In the material below, begin at the line that has "Fenway Hot Dog T-Shirt - Chowdaheadz", stop after the line that has "sign encouraging enrollment in Latin", and transcribe those lines exactly, without pictures.

**Dataset extract**
------------------------
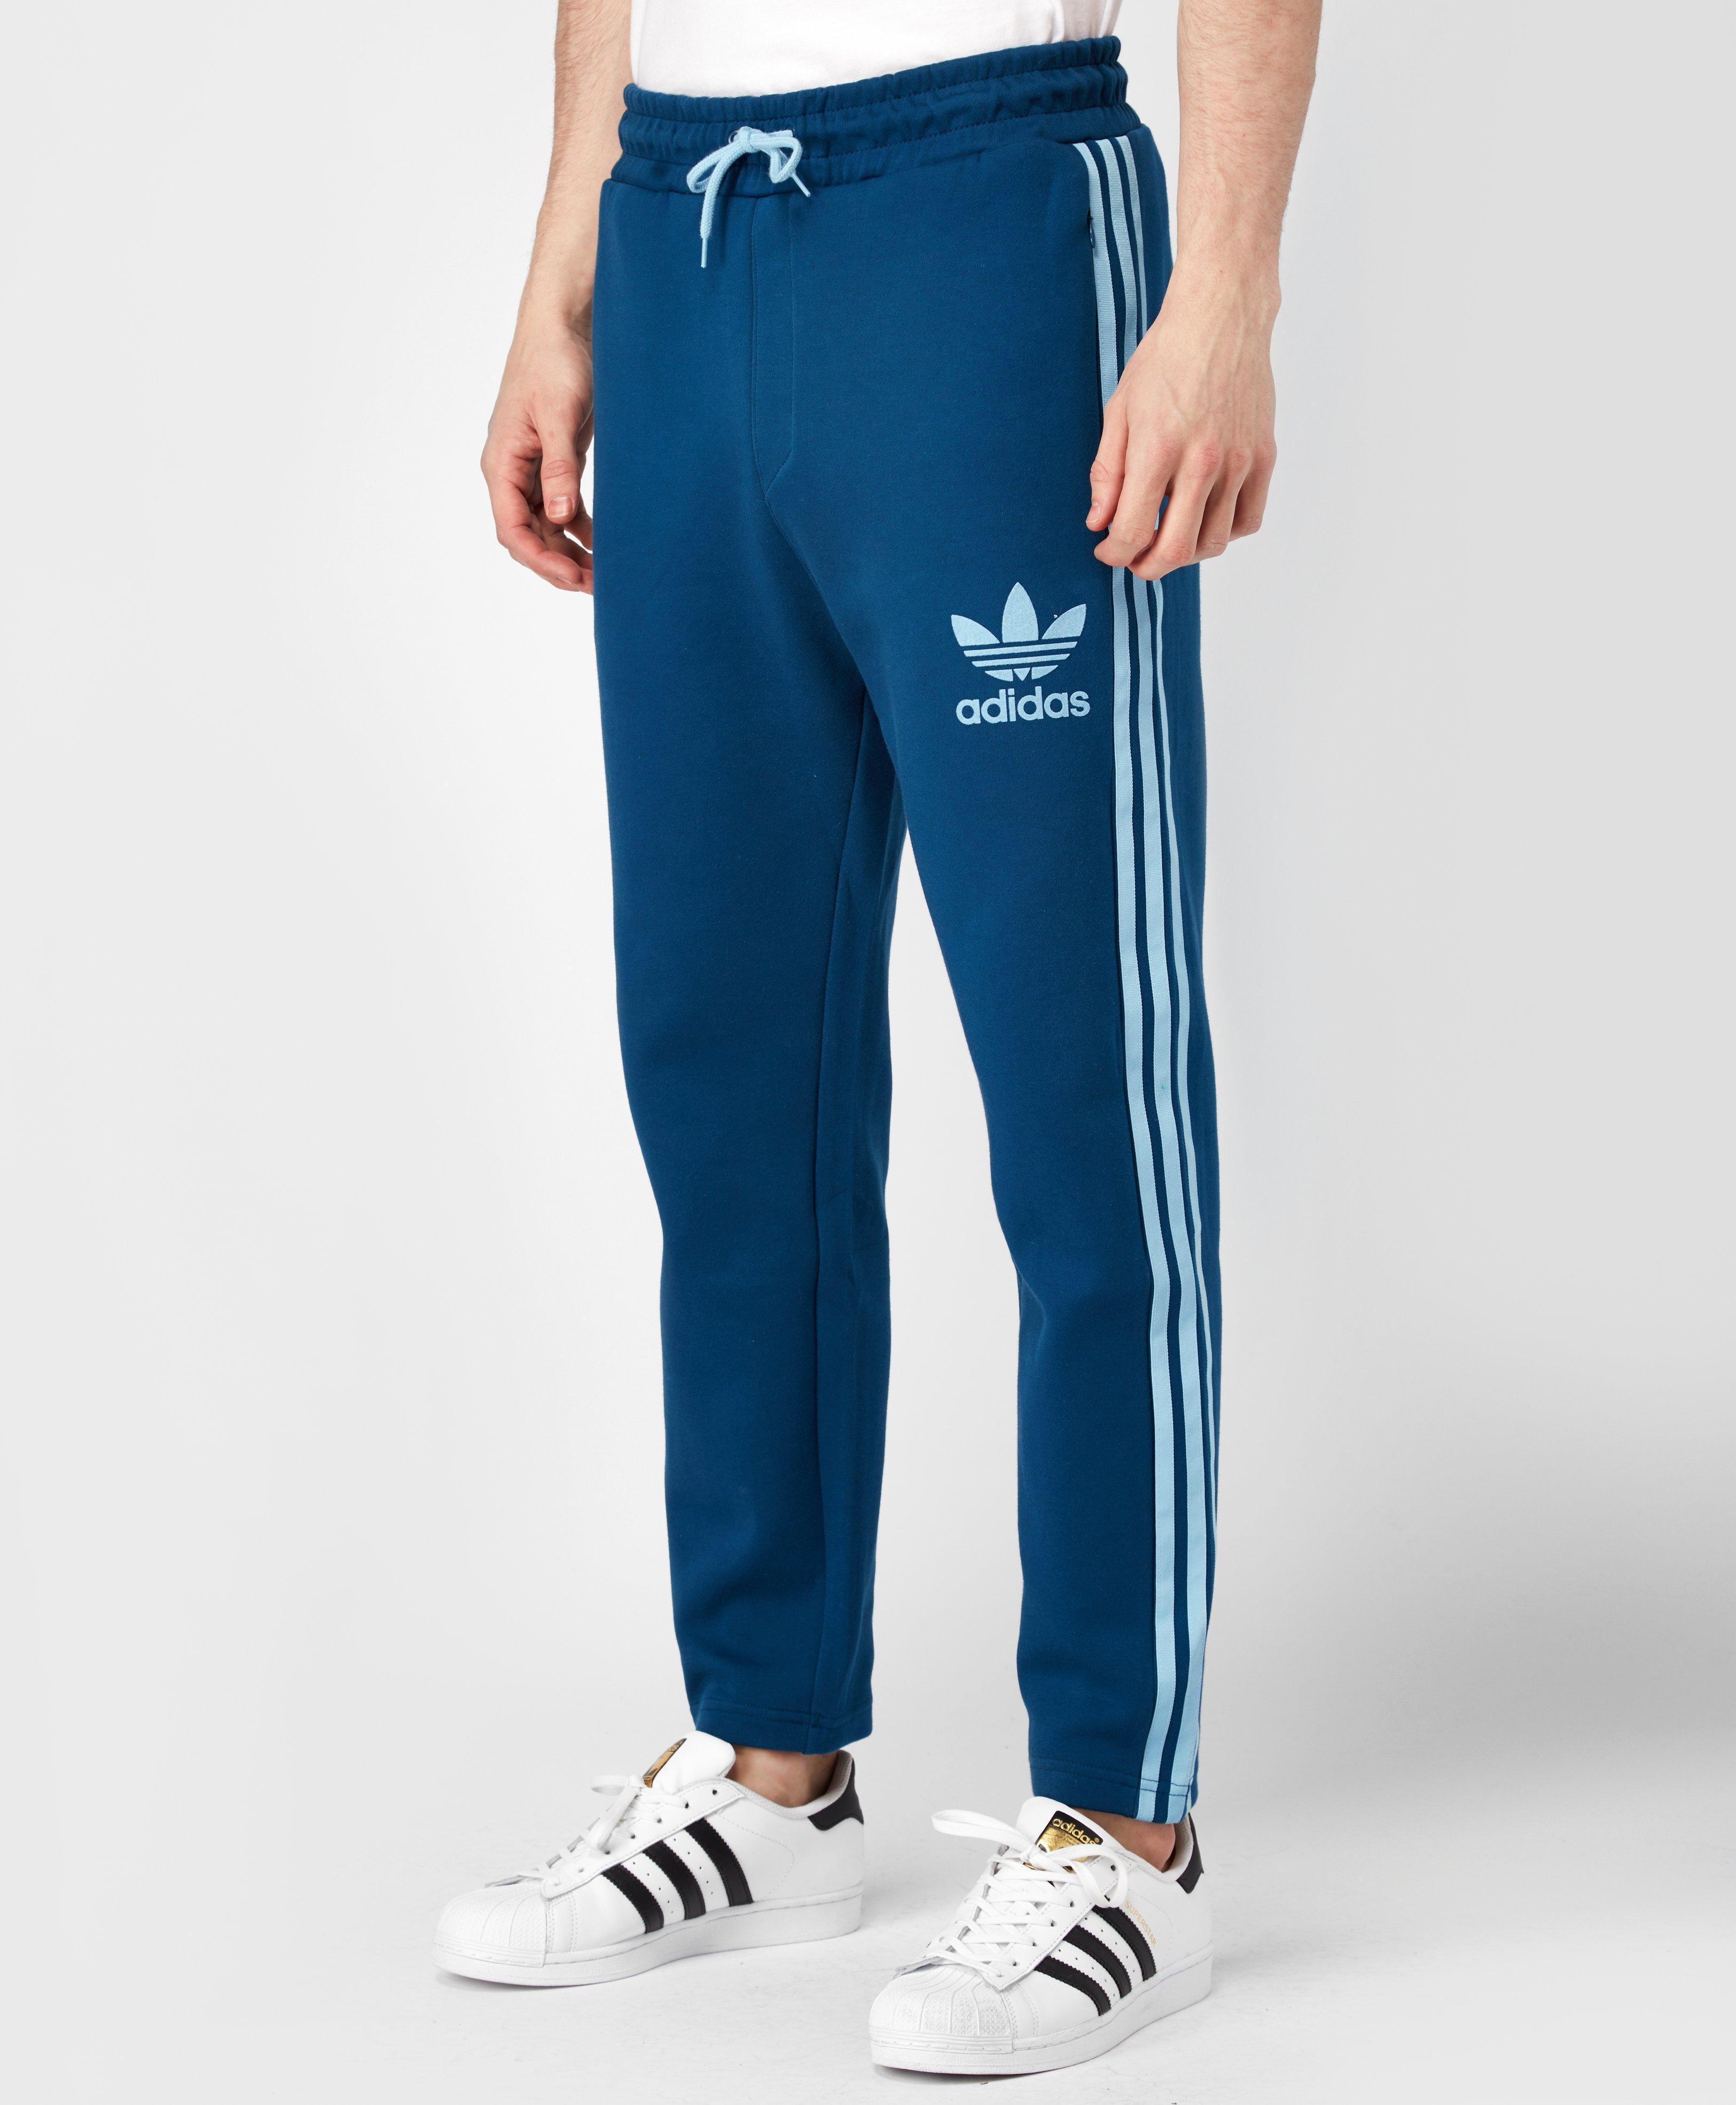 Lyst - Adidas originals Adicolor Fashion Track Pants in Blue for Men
------------------------
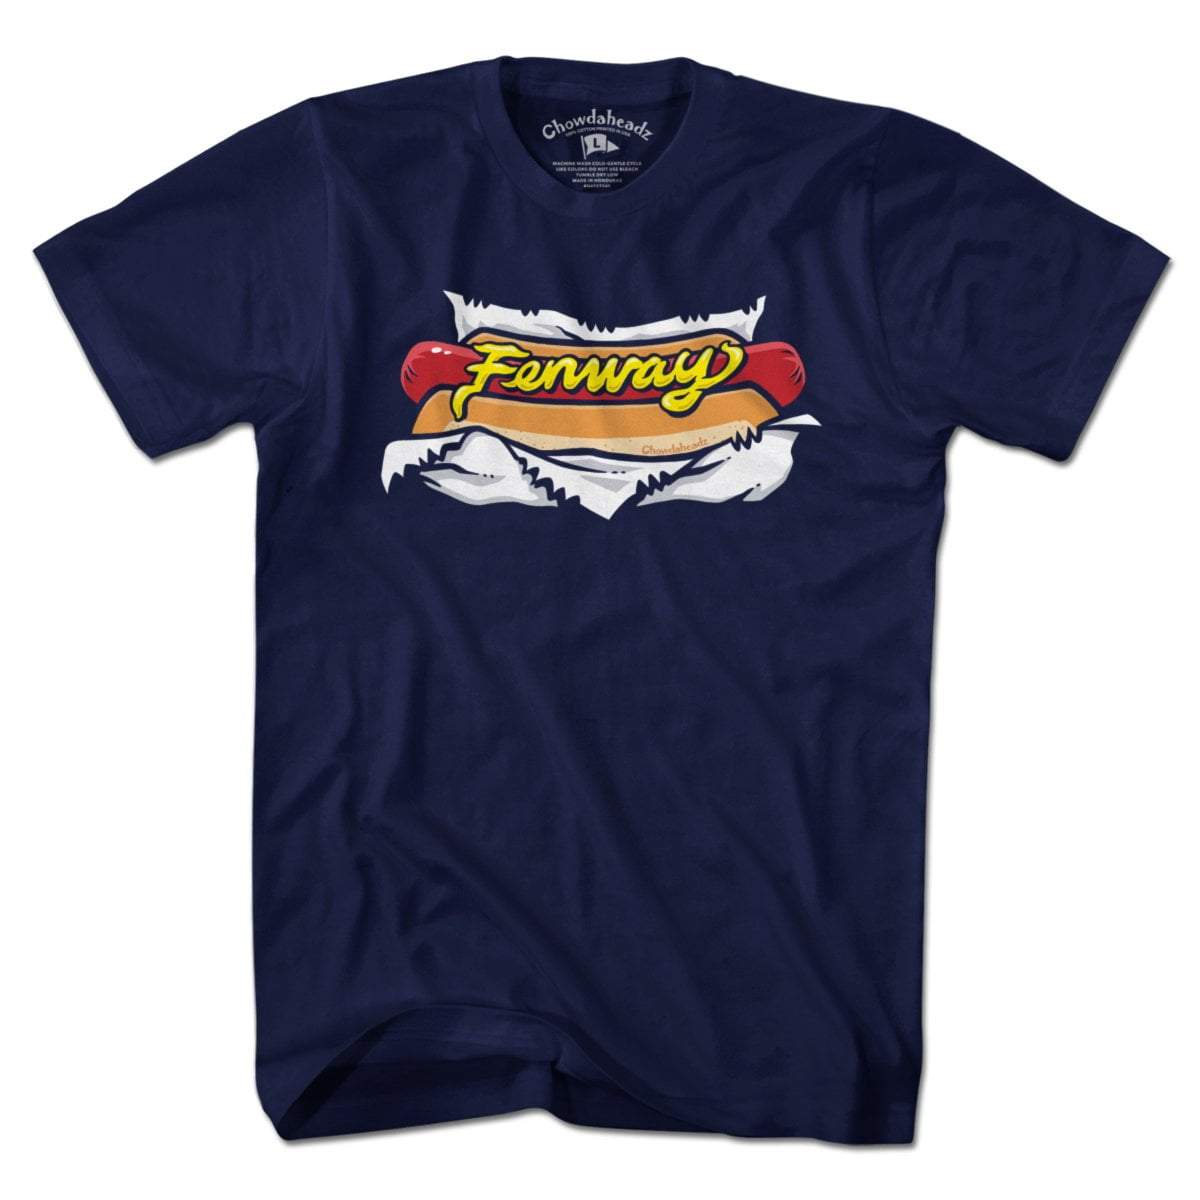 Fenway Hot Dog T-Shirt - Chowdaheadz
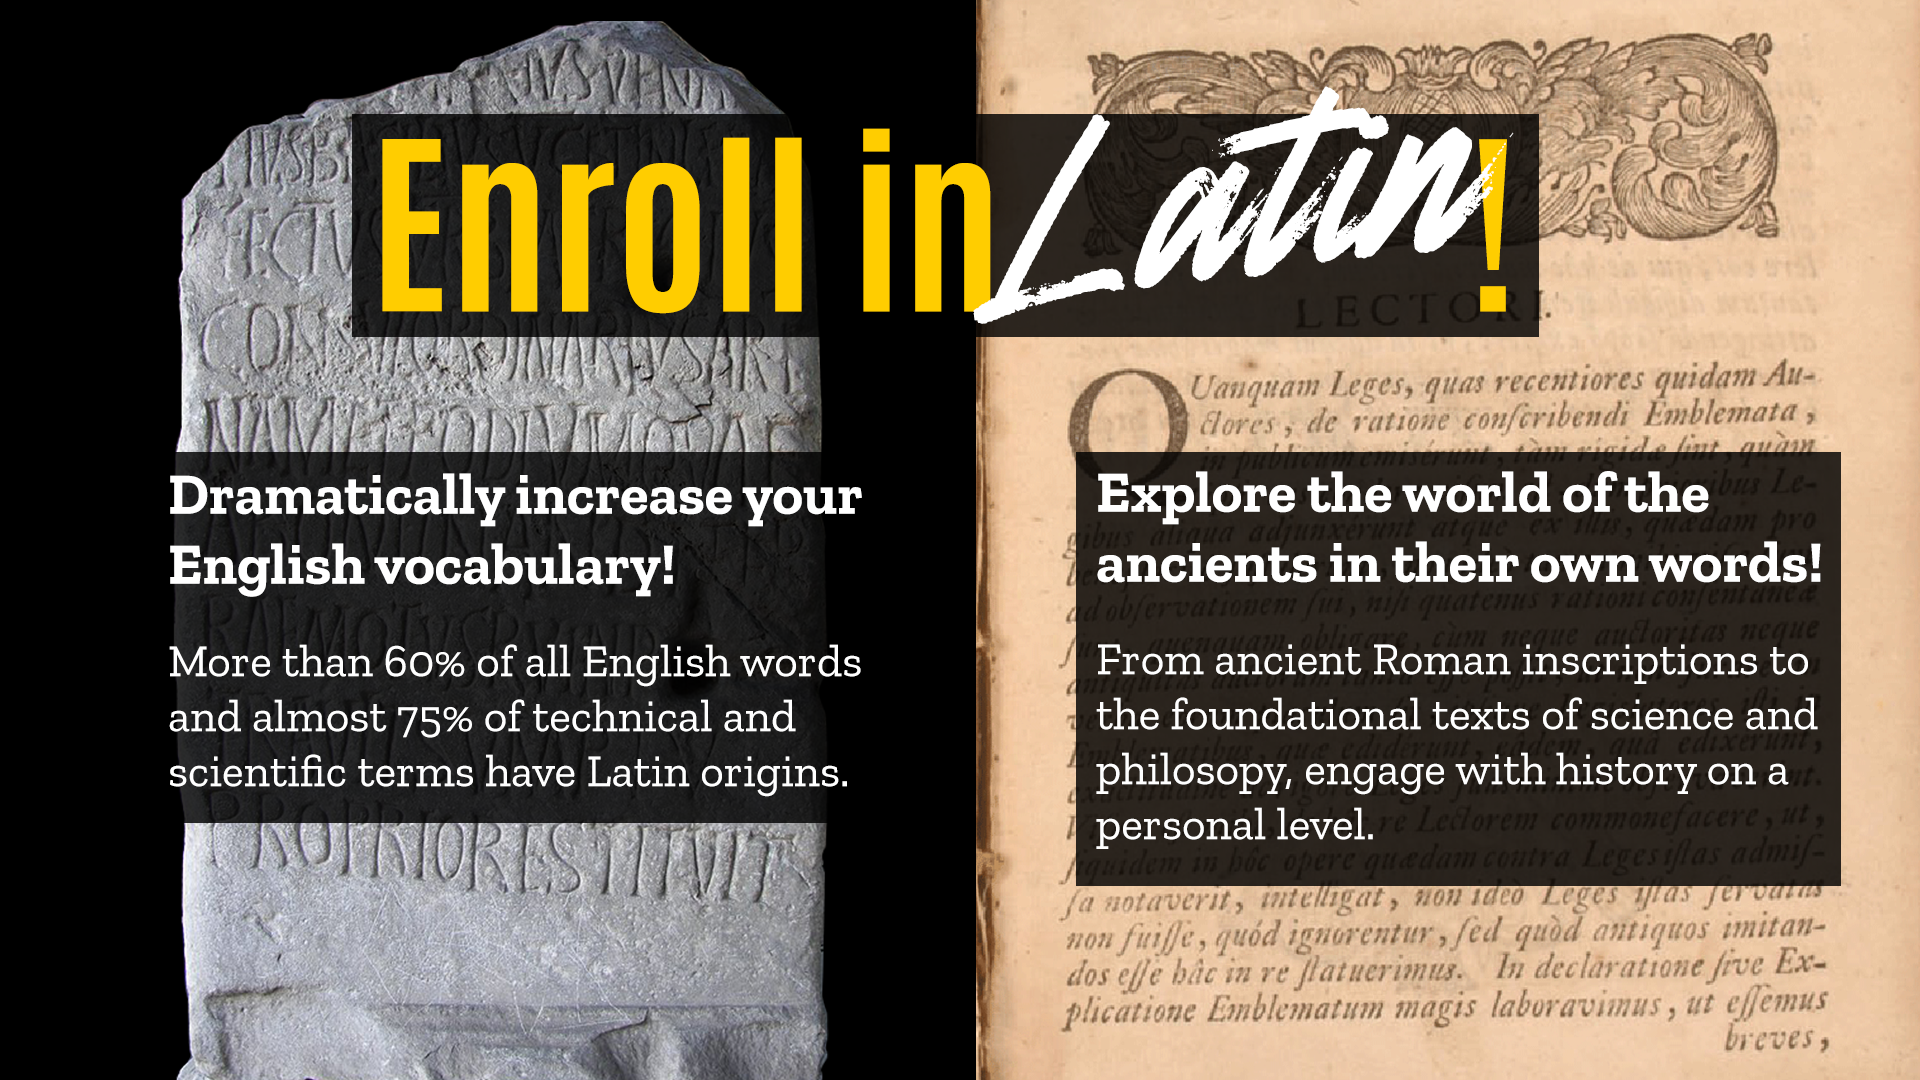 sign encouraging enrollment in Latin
------------------------
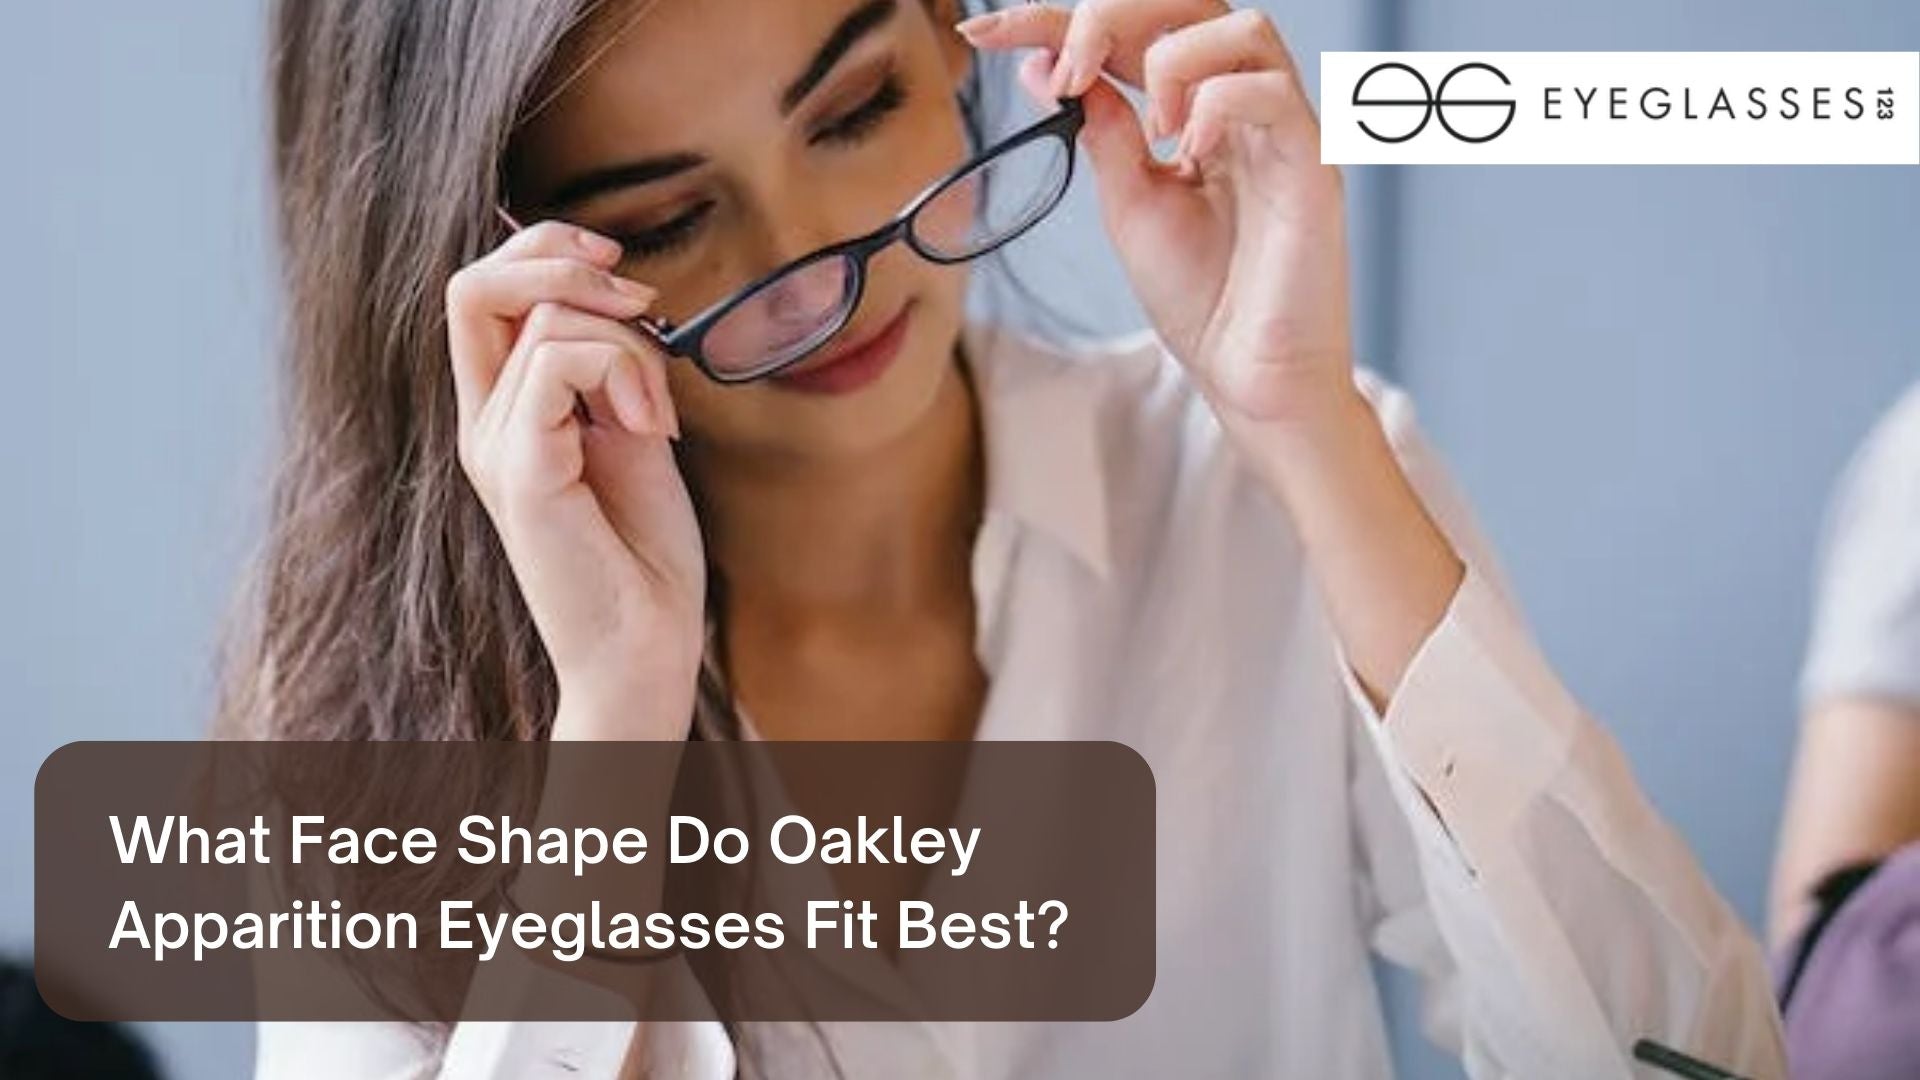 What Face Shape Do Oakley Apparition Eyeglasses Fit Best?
------------------------
**Final answer**
 Fenway Hot Dog T-Shirt - Chowdaheadz
 sign encouraging enrollment in Latin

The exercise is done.